Provided data ::

● ● ● ● ●

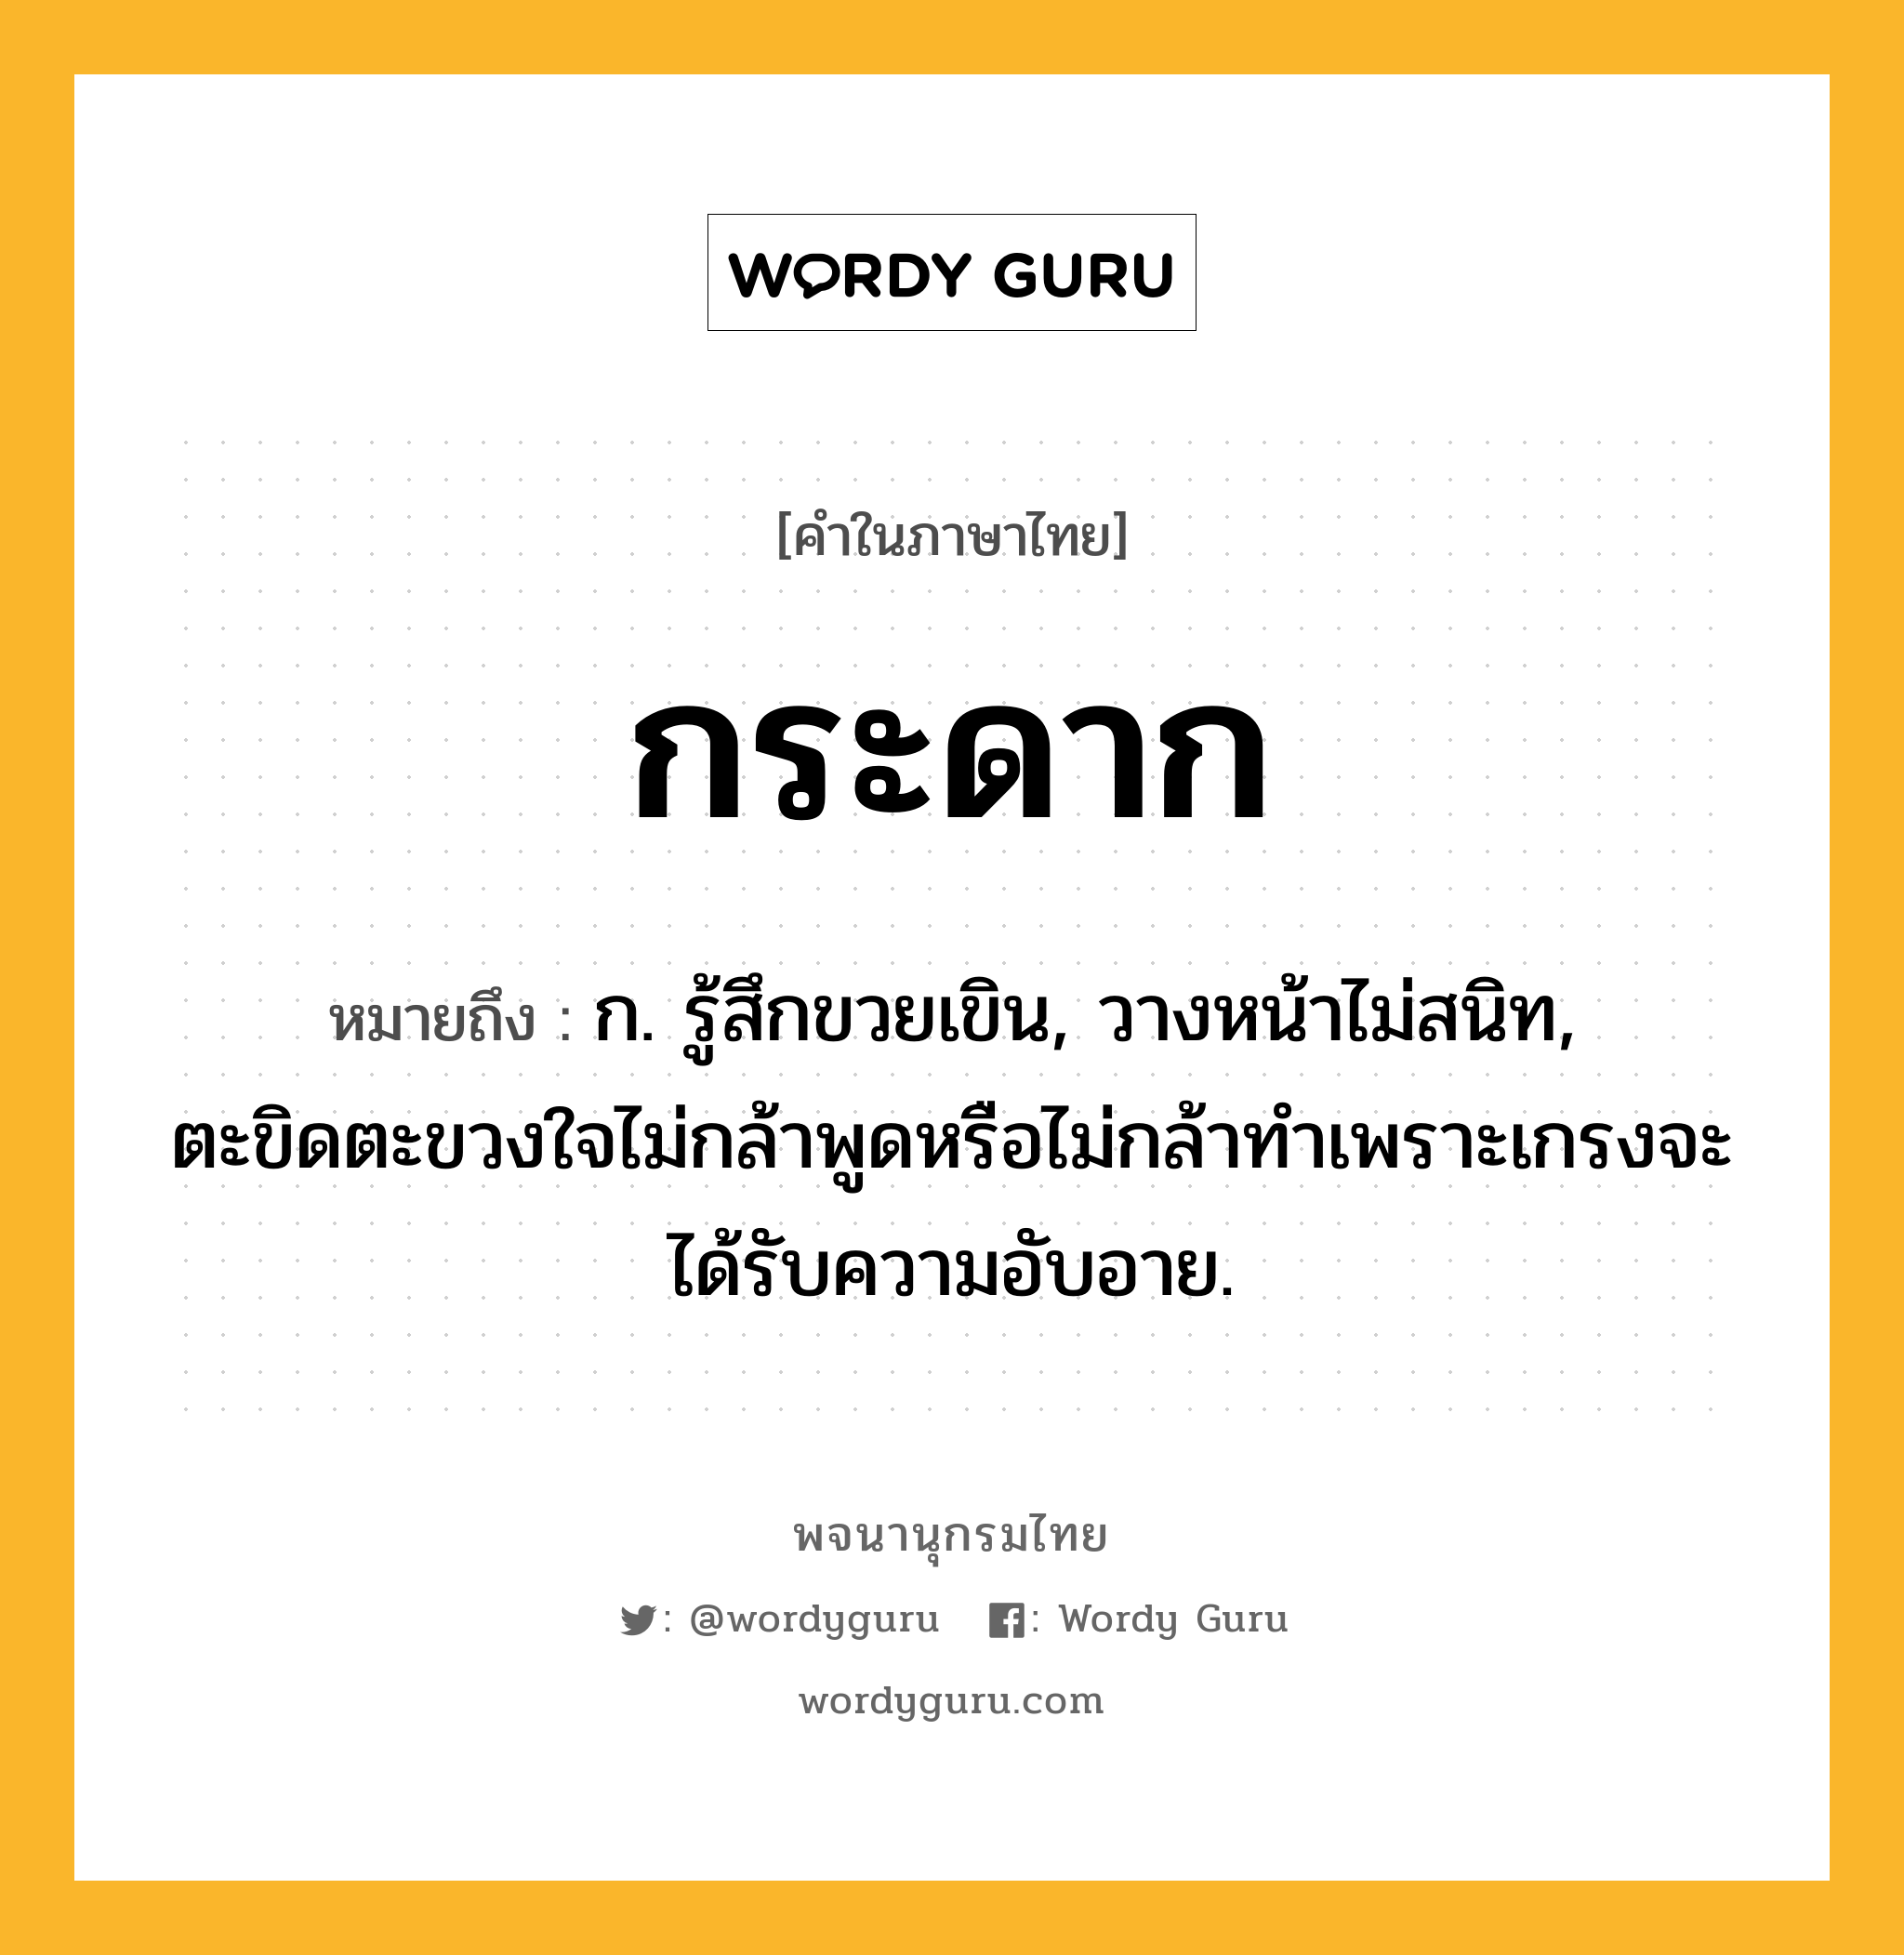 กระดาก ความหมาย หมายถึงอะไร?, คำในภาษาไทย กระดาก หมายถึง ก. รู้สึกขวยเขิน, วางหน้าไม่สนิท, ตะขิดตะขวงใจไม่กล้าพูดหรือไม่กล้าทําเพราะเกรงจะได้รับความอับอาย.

● ● ● ● ●

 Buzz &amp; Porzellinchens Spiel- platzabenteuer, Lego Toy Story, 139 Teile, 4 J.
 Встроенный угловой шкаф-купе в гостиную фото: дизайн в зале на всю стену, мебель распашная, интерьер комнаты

● ● ● ● ●

Description of the task ::
Nothing but the lines above from the one containing "Buzz &amp; Porzellinchens" through the one containing "Встроенный угловой шкаф-купе" should appear in the answer, each repeated exactly.

Answer section ::
 Buzz &amp; Porzellinchens Spiel- platzabenteuer, Lego Toy Story, 139 Teile, 4 J.
 Встроенный угловой шкаф-купе в гостиную фото: дизайн в зале на всю стену, мебель распашная, интерьер комнаты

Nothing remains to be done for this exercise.